According to a statement by Brandeis Students for Justice in Palestine, members of the group, as well as activists from affiliate groups, wearing t-shirts displaying the word "apartheid" in Hebrew letters, "mic-checked the panel, protesting the undemocratic nature of the Israeli apartheid state and notified the offending officials that until their government ceased its discriminatory policies they were not welcome by students at Brandeis University community events."

"The activists were pushed outside the hall by police officers and private security guards. One Brandeis student was arrested and another was injured while being thrown to the floor by a police officer," the statement added. A video of the incident was uploaded to YouTube.

Activists chanted at the panel: "Israel is an apartheid state and the Knesset is an apartheid parliament," as well as: "We will not welcome Israeli officials to any Brandeis University event until apartheid ends."

They also charged Akunis and. Kirshenbaum for "sponsoring fascist legislation in the Knesset, targeting legitimate human rights organizations."

"Mr. Akunis and Ms. Kirshenbaum, how does it feel to be silenced?

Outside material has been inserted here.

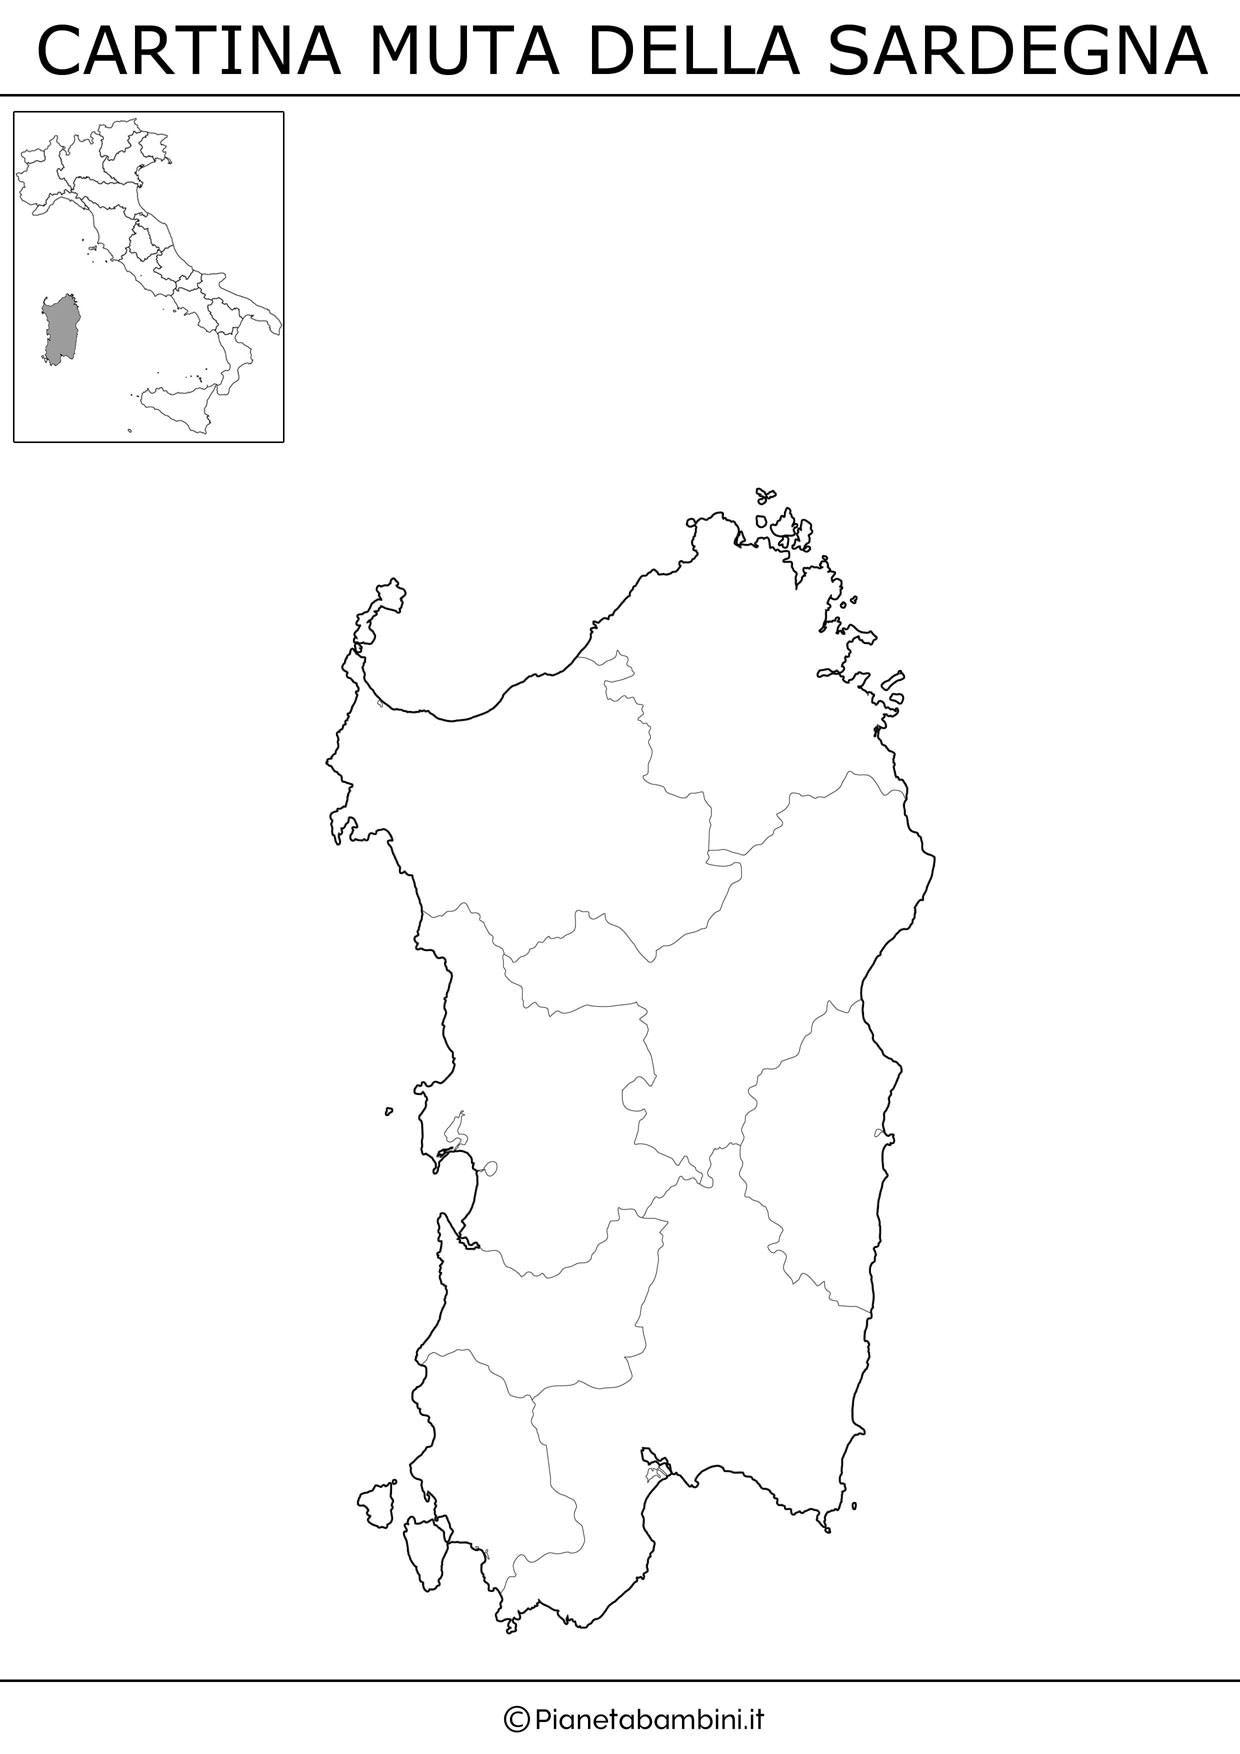 Cartina Muta Fisica E Politica Delle Sardegna Da Stampare Scuola

The Knesset is silencing dissent and civil and human rights," the activists said.

In response to the protest, MK Kirshenbaum released a statement, in which she said: "I don't understand the audacity and hypocrisy of the protestors."

"The State of Israel is one of the biggest democracies, perhaps the only one, in the Middle East," she wrote, while Syrian President Bashar "Assad is massacring his people and enforcing a dictatorial regime in his state. I didn’t see the activists protesting before us provoke or engage in violence to stop the Holocaust experienced by the Syrian people."

Kirshenbaum indicated that her fellow delegation member was Raleb Majadle, "who was the first Arab Minister," asking: "How can the protesters call us fascists when there was an Arab minister in the Israeli cabinet."

In April 2011, Avi Dichter was interrupted by Brandeis Students for Justice in Palestine activists as he stood up to speak to an audience of hundreds of students at Brandeis University near Boston. Several students got up out of their seats and called Dichter a war criminal, both in English and Hebrew. The incident was captured on video and uploaded to YouTube.

Students hurled insults at Dichter and accused him of torture and crimes against humanity. Brandeis University is considered to be a bastion of liberal politics in the United States and has a large Jewish student population.